We will mainly focus on the following two problems in Next WeNet.

  1. NN based contextual biasing and LM solution. On the one hand, a pure end-to-end model is our final goal, including contextual biasing and LM. On the other hand, there are a lot of problems in our current contextual biasing and LM, such as poor rare word performance in contextual biasing, complicated LM solution since FST and token passing beam search are introduced, and so on. Also, we are looking for new paradigm, such as joint text/audio learning, prompt learning, and so on.
  2. Open source big model, pretrained model, and mutimodal model exploration. We can see the increasing capability, influence, and interest in these models, and we believe it may give a final solution to general AI. It's hard for us to directly do such things due to the lack of research and computation resources. However, we can explore the usage of the models in speech recognition applications as open source big models + task/private data may be the new paradigm for the next AI.

We are open for other proposals. WeNet is a community-driven project and we love your feedback and proposals on where we should be heading. Feel free to volunteer yourself if you are interested in trying out some items(they do not have to be on the list).

From Google's recent USM paper, we can see the following three points:

1 injecting tezt

2 Simpler pre-training

3 Text to speech intermediate representation

I think these three are the ultimate weapons for speech recognition, whether it is from the signal level or the text level。
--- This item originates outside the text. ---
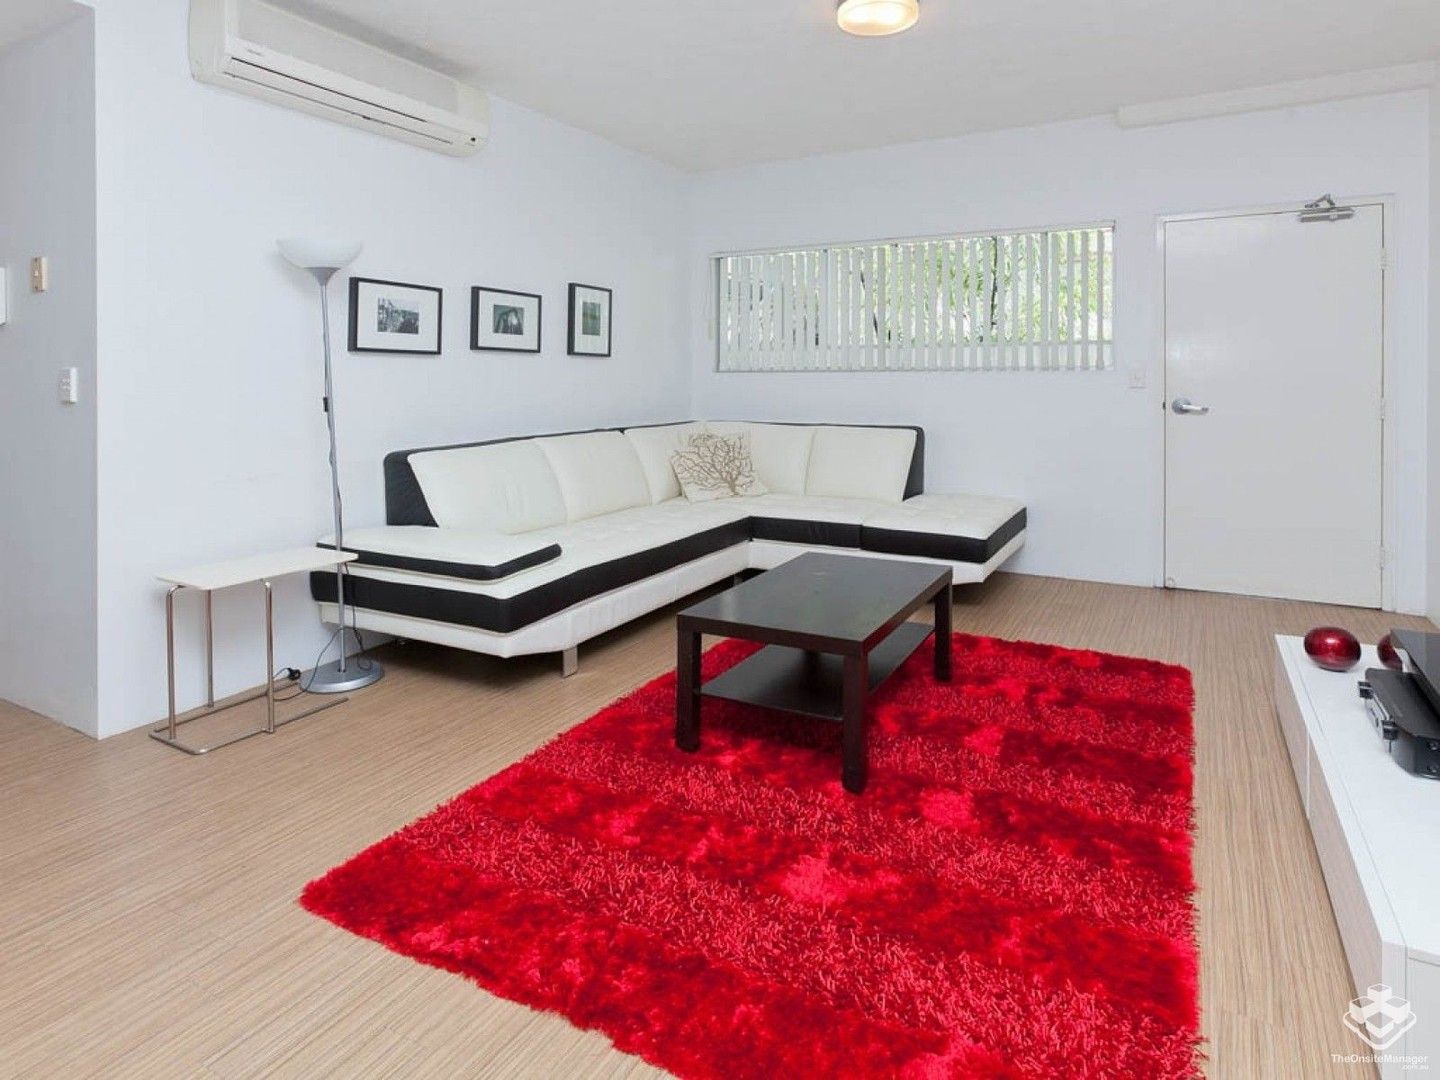 3 bedrooms Apartment / Unit / Flat in ID:21135290/1 Ella Street NEWSTEAD QLD, 4006

And the community is a good way to cooperate to make the big model or the road of the new pipeline

From Google's recent USM paper, we can see the following three points:

1 injecting tezt

2 Simpler pre-training

3 Text to speech intermediate representation

I think these three are the ultimate weapons for speech recognition, whether it is from the signal level or the text level。

And the community is a good way to cooperate to make the big model or the road of the new pipeline

For 2: sipmpler pretrin: May be bestrq is good start : https://github.com/wenet-e2e/wenet/tree/Mddct-bestrq/wenet/ssl/bestrq

@Mddct shows his insight on general speech recognition task, it's great.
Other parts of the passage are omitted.